UK FCO Chief Scientific Adviser visiting Taiwan
The UK Foreign and Commonwealth Office’s Chief Scientific Adviser Professor Robin Grimes is visiting Taiwan
The UK Foreign and Commonwealth Office’s Chief Scientific Adviser Professor Robin Grimes is visiting Taiwan from 15-18 March to enhance bilateral links in science and technology. His high level visit comes at the end of a nine-month Technology is GREAT campaign by the British Office to promote UK innovation and technology through a series of high-level exchanges between the UK’s and Taiwan’s research institutions, businesses and academia. His three day programme includes visits to Taipei and Hsinchu.
This morning, Professor Grimes met Minister for Science and Technology Shyu Jyou-min to discuss UK-Taiwan science ties and consider ways in which they may be strengthened. This was followed by a roundtable discussion with the National Applied Research Laboratories where Professor Grimes gave an overview of the UK’s scientific research infrastructure. This was followed by a more in-depth discussion that covered the fields of high performance computing, nanotechnology and space.

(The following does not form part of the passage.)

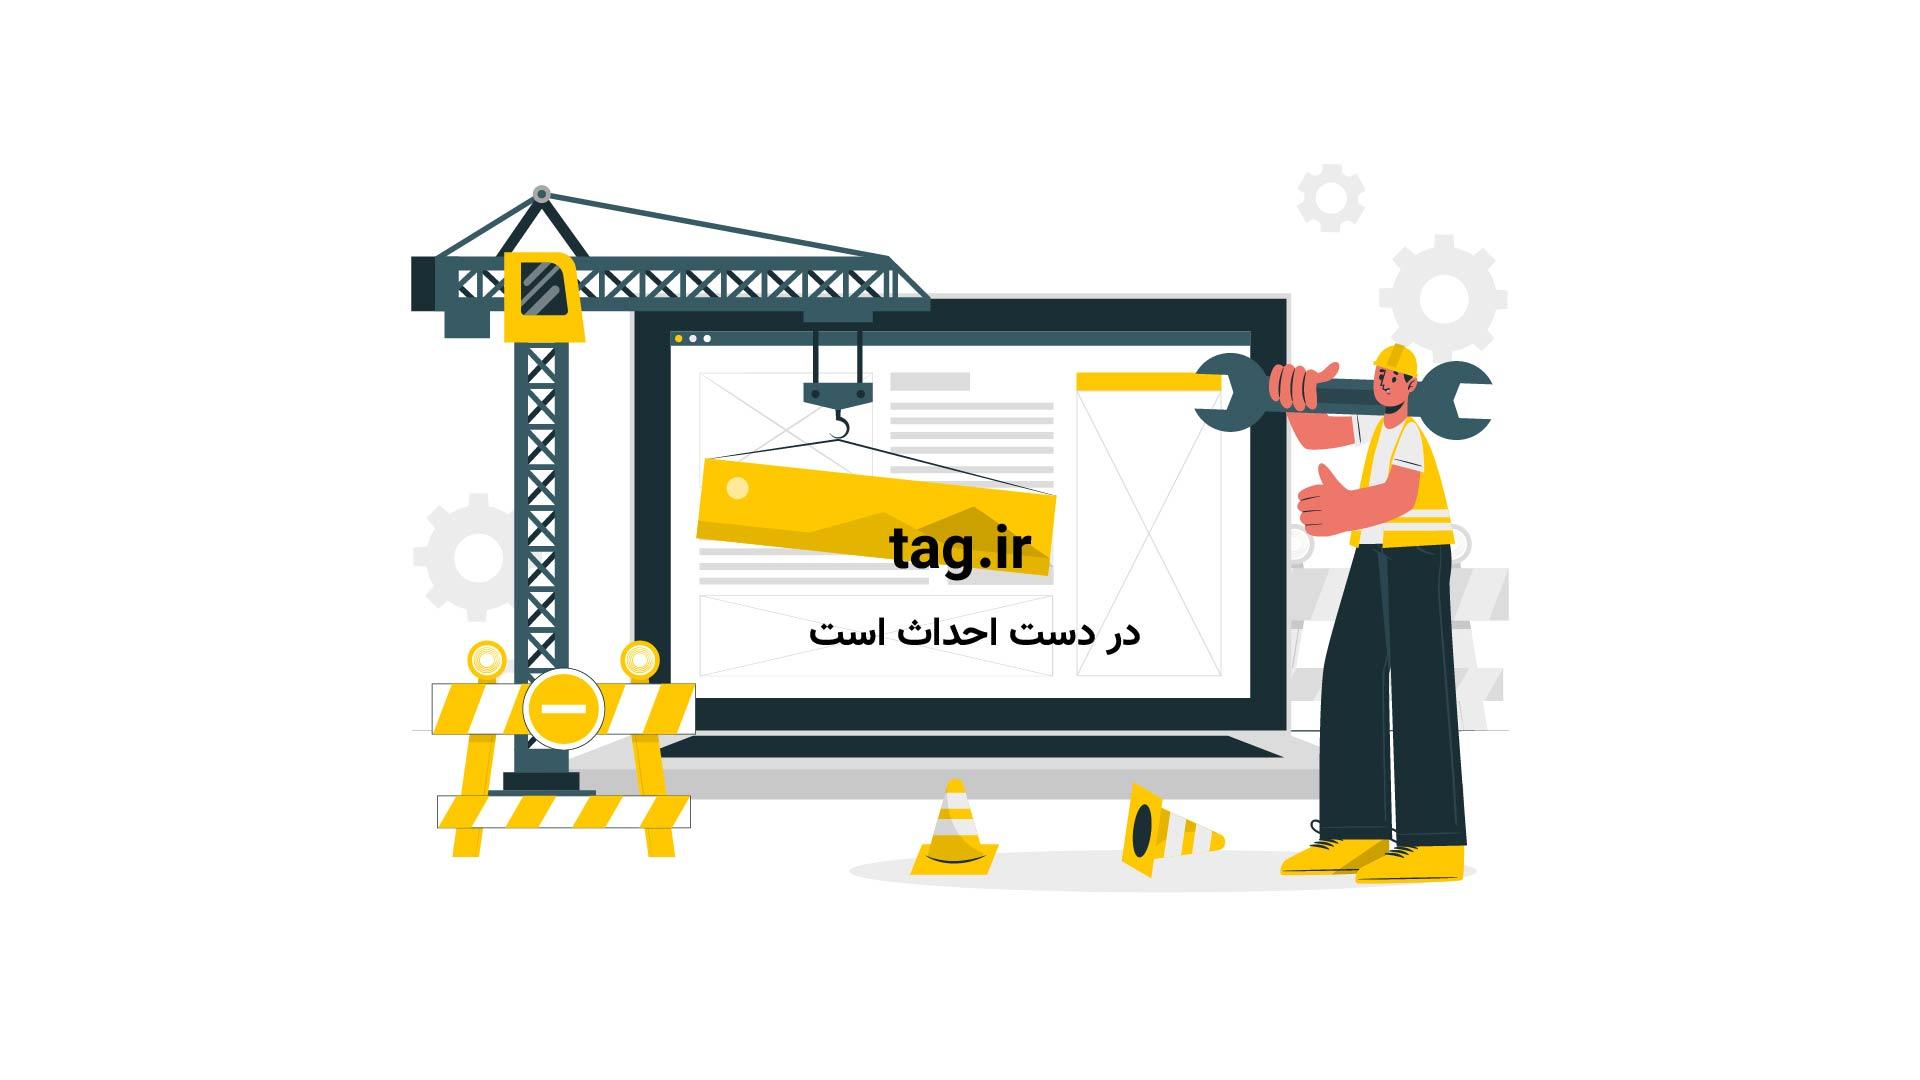 بیانات رهبری در دیدار شرکتکنندگان در کنفرانس اتحادیه بین المجالس سازمان همکاری اسلامی | فیلم

This afternoon Professor Grimes, who is concurrently Professor of Materials Physics at Imperial College London in addition to his duties as Chief Scientific Adviser, delivered a science lecture, complete with demonstrations, on “Learning to Live with our Defects” at Taipei Municipal Jianguo High School to an audience of more than 150 science-talented high school students to explore the world of defects in materials, defects at the atomic scale. Professor Grimes used his demonstrations and lecture to show how investigating defects can help to develop new materials with enhanced or even new properties. On 18 March, Professor Grimes will give a talk at the Institute of Physics, Academia Sinica, on “Atomic Scale Simulation in the Service of Materials Performance” to consider how high performance computing can add value to the development of materials. Both talks are aimed at facilitating the exchange of scientific knowledge and to promote the very best of UK education and science.

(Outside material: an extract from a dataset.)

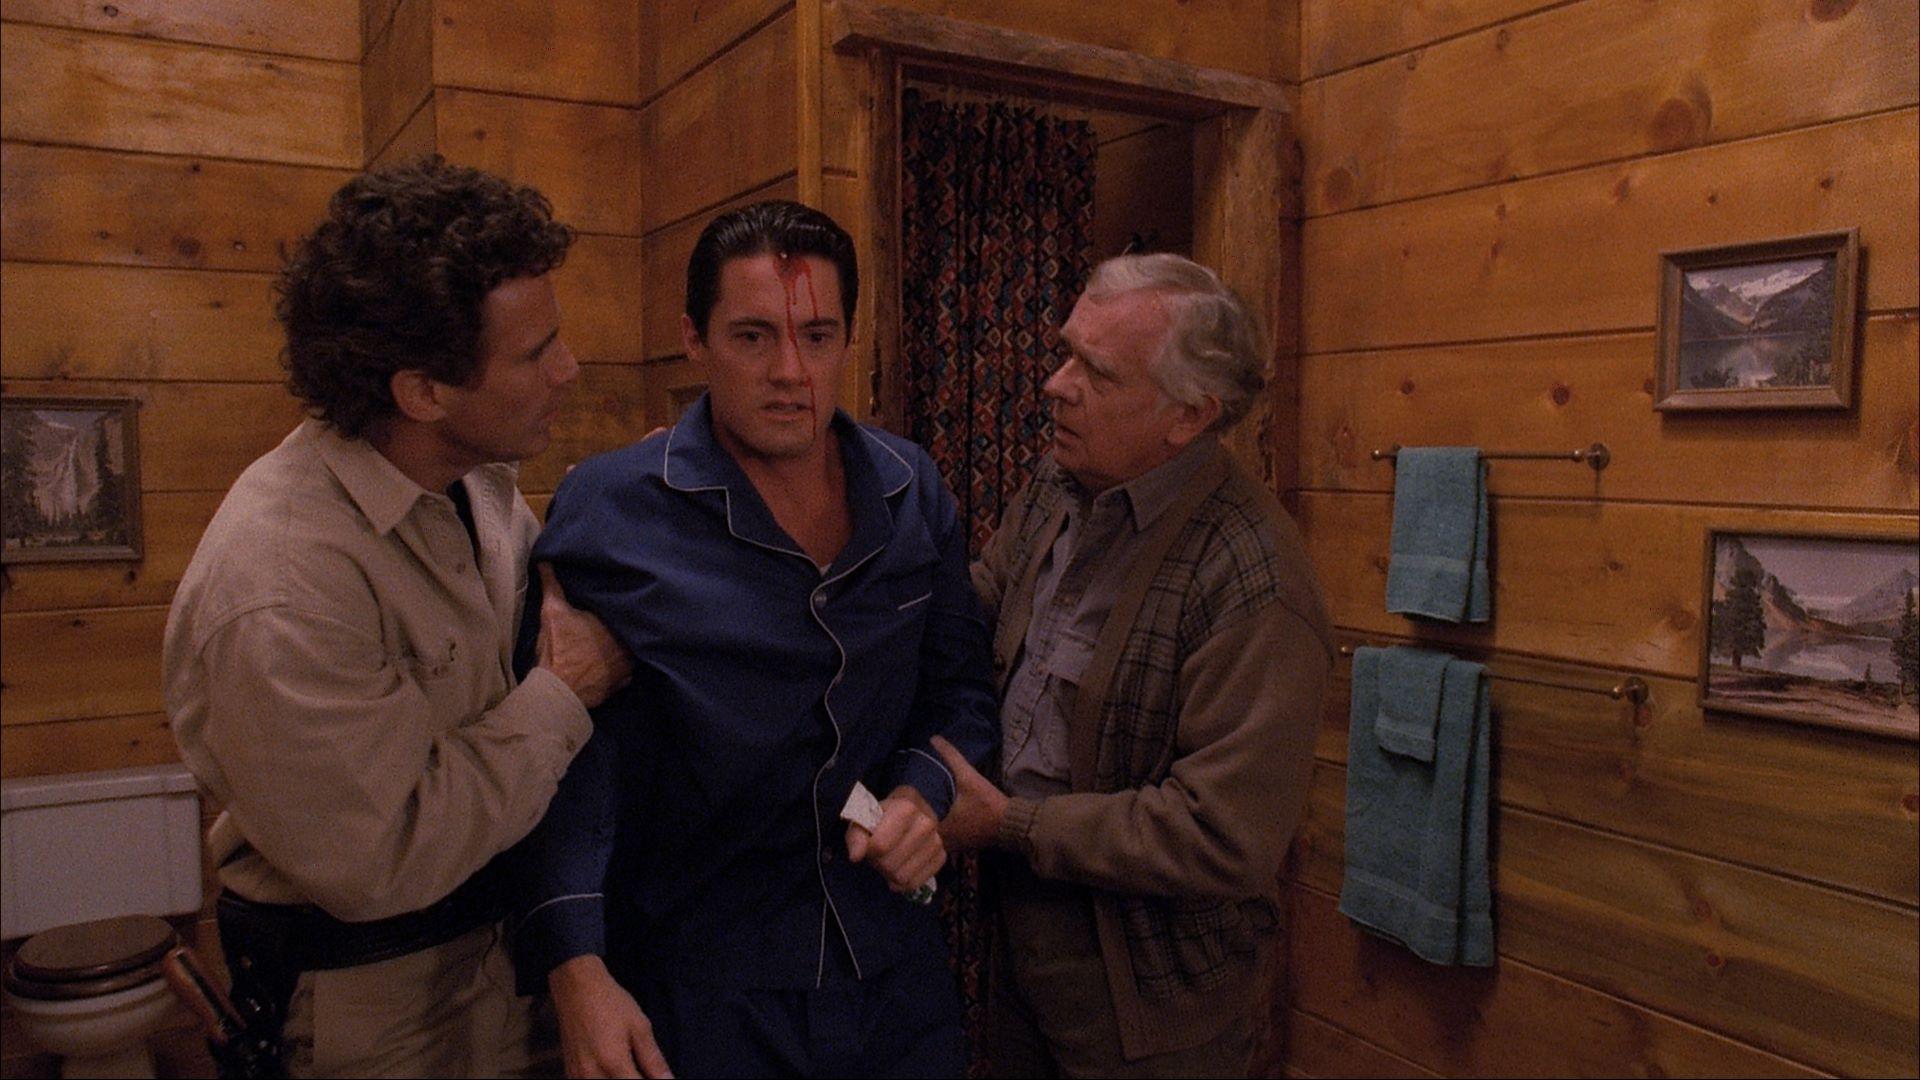 Cenas de Twin Peaks são repletas de violência

On 17 March, Professor Grimes will travel to Hsinchu Science Park for meetings with some of Taiwan’s leading companies and with hi-tech UK companies such as ARM Holdings and Oxford Instruments which have major investments in Taiwan. In the afternoon, Professor Grimes will travel to the Industrial Technology Research Institute (ITRI) for discussions on enhancing ITRI’s links with UK research institutions and for a tour of the Mechanical and Systems Research Laboratories.

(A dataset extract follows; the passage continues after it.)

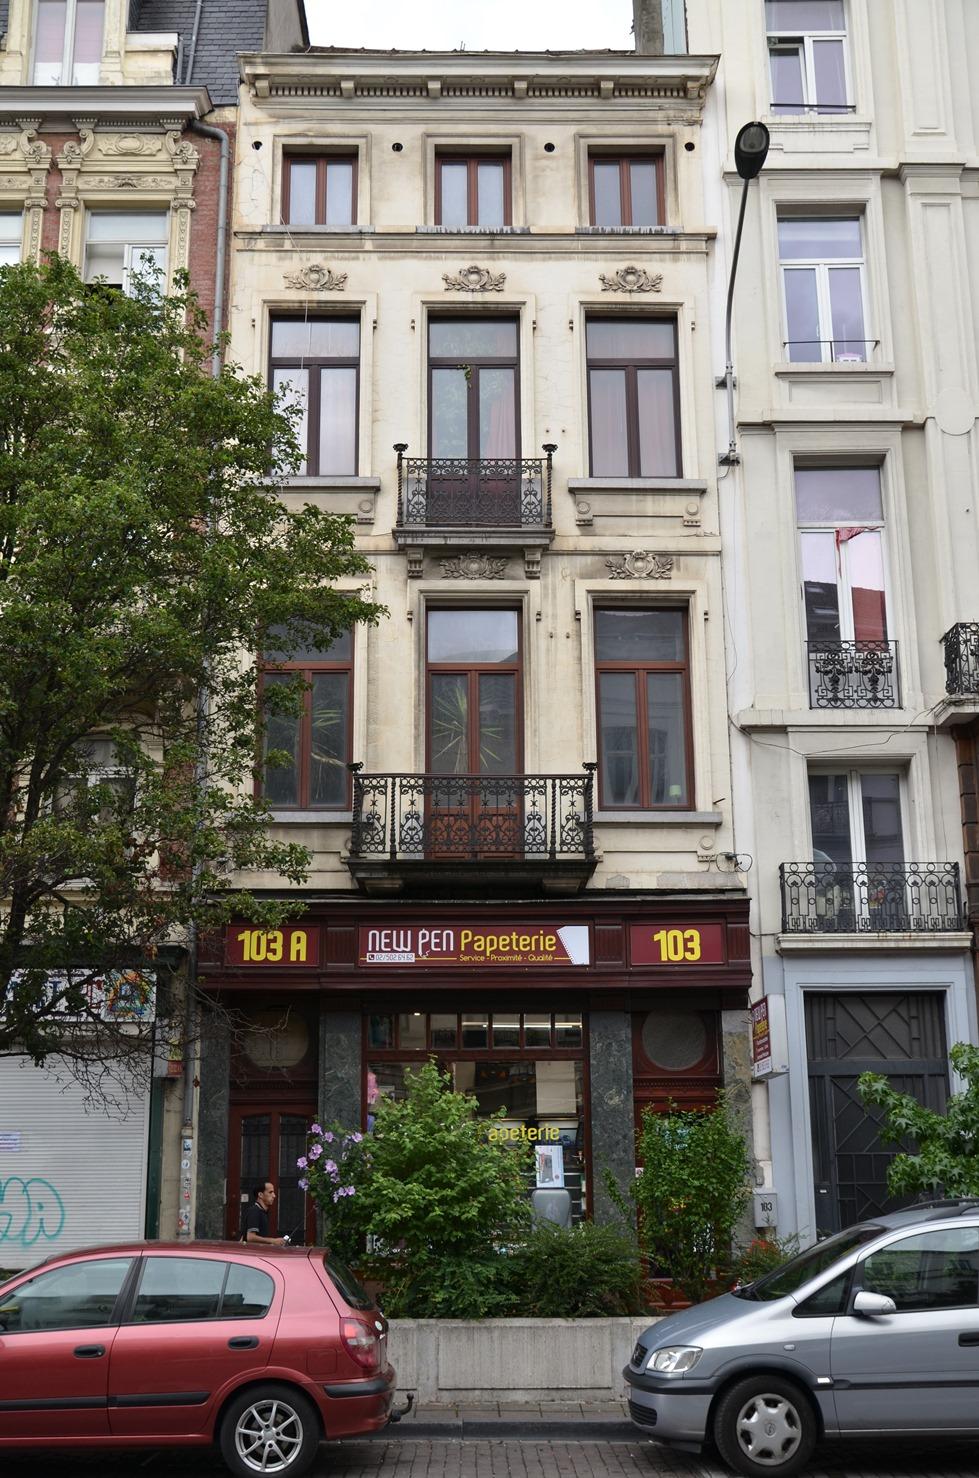 Boulevard Maurice Lemonnier 103-103a, 2015

On 18 March, Professor Grimes will meet Vice President-elect Chen Chien-jen to discuss areas where the UK and Taiwan could enhance research and technological collaboration over the coming years.
Professor Grimes’s visit comes at a time when the UK is making significant investments in its science infrastructure both in existing world-class institutions - four of the world’s top ten universities are in the UK - and in new facilities such as the UK Catapult Centres and the new Alan Turing Institute. The British Government plans to invest £30.4bn in science by 2020 to further enhance the UK’s reputation for research excellence. Already with just 3.2% of the world’s R&D spend, the UK accounts for 16% of the most highly-cited research articles.